We looked at brochures of gazebos from all over the U.S. - and once you've looked at fine ones it's difficult to settle for lesser ones. The one we wanted was far beyond our resources, but the N.C. Association of Nurserymen generously stepped in and provided funds to allow us to purchase it. After a 3 month delay it has finally arrived, the foundation is going in, and we'll erect it in September and complete that planting bed this fall. The fourth bed around the cutleaf Japanese maple will be planted later during the winter. Although he's now employed at the Coker ARboretum, Curtis still returns to help us in the development of "his" White Garden.

During the spring Tracy Traer;s class designed and build the fences for the next set of model gardens. This project was far more complex than last year's garden and involved triple the amount of construction hours and hard work. The 2 part model-gardens. This project was far more complex than last year's garden and involved triple the amount of construction hours and hard work. The 2 part model-gardens will be planted this fall by the next class. We've not yet decided what the "theme" of the garden will be.

In the groundcovers/paving area Don Deal has finished the last of the paving material displays with one wooden beam and two flagstone walks installed. This fall we will have an outside contractor complete the long center walkway of "2"-paver blocks which will extend all the way to the beginning of the annual displays (to the back of the newest model garden). Also in the groundcovers area Larry Hatch has been building a small rock garden/alpines area and planting it with materials from the lath house beds and his own collections. This area should be completed by fall.
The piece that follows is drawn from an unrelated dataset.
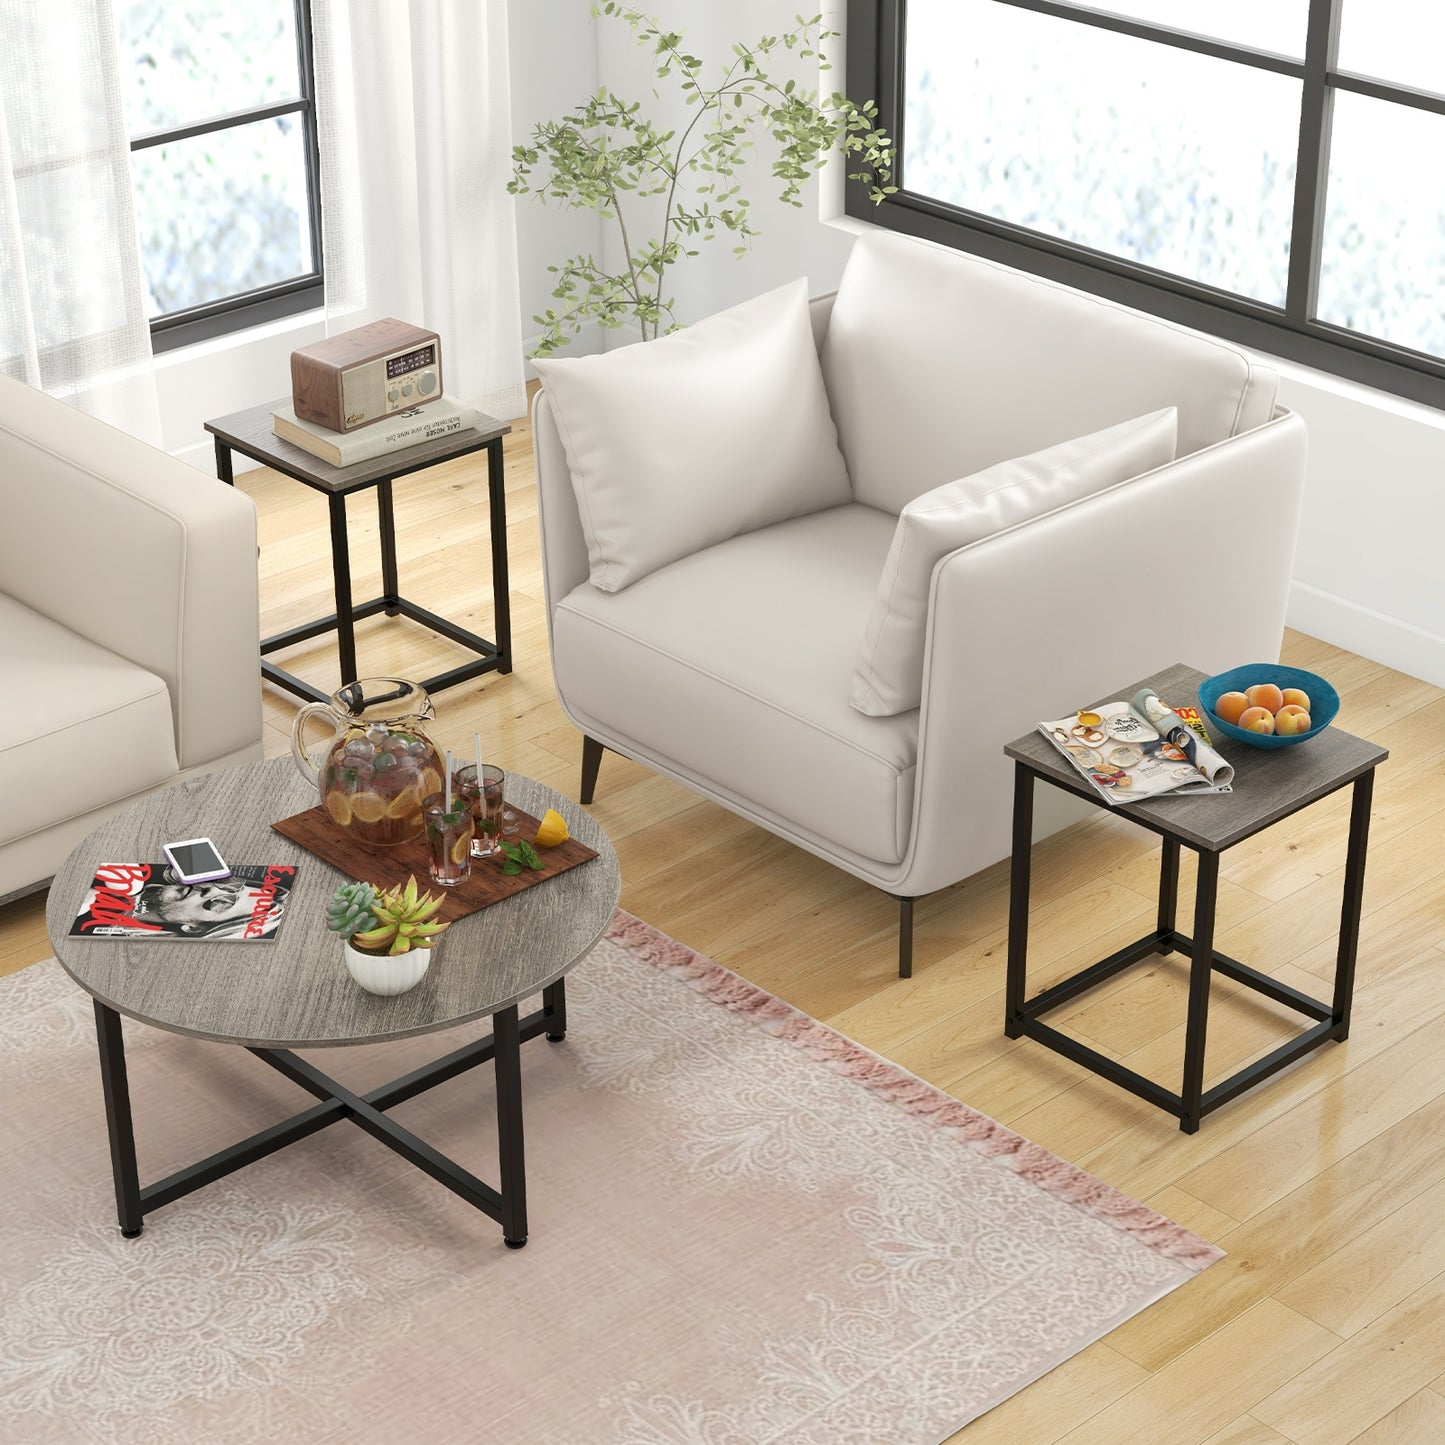 3-Piece Coffee Table Set Round Coffee Table and 2PCS Square End Tables-Gray

During the spring the mounded "hills" were shaped in the Japanese Zen garden and the first plants were moved in - including a mass of 20 Satsuki azaleas (which will be sheared to a low solid mass), 3 old specimen multiple-trunk azaleas about 35 years old and 5-7' tall, a Japanese black pine, a 24-year old Sciadoptys and assorted other plants. We had arranged for 1,000 pots of the dwarf mondo grass to divide up and plant the upper mounds, but they were killed at the grower's nursery by the Christmas freeze and no other sources have yet been found. When the fall transplanting season begins we will move in the remainder of the specimen plants - primarily nandinas and camellias - and the gravel can be hauled for the raked stone area. It's going to be very exciting to watch the final "shaping-up" of the area as we near completion.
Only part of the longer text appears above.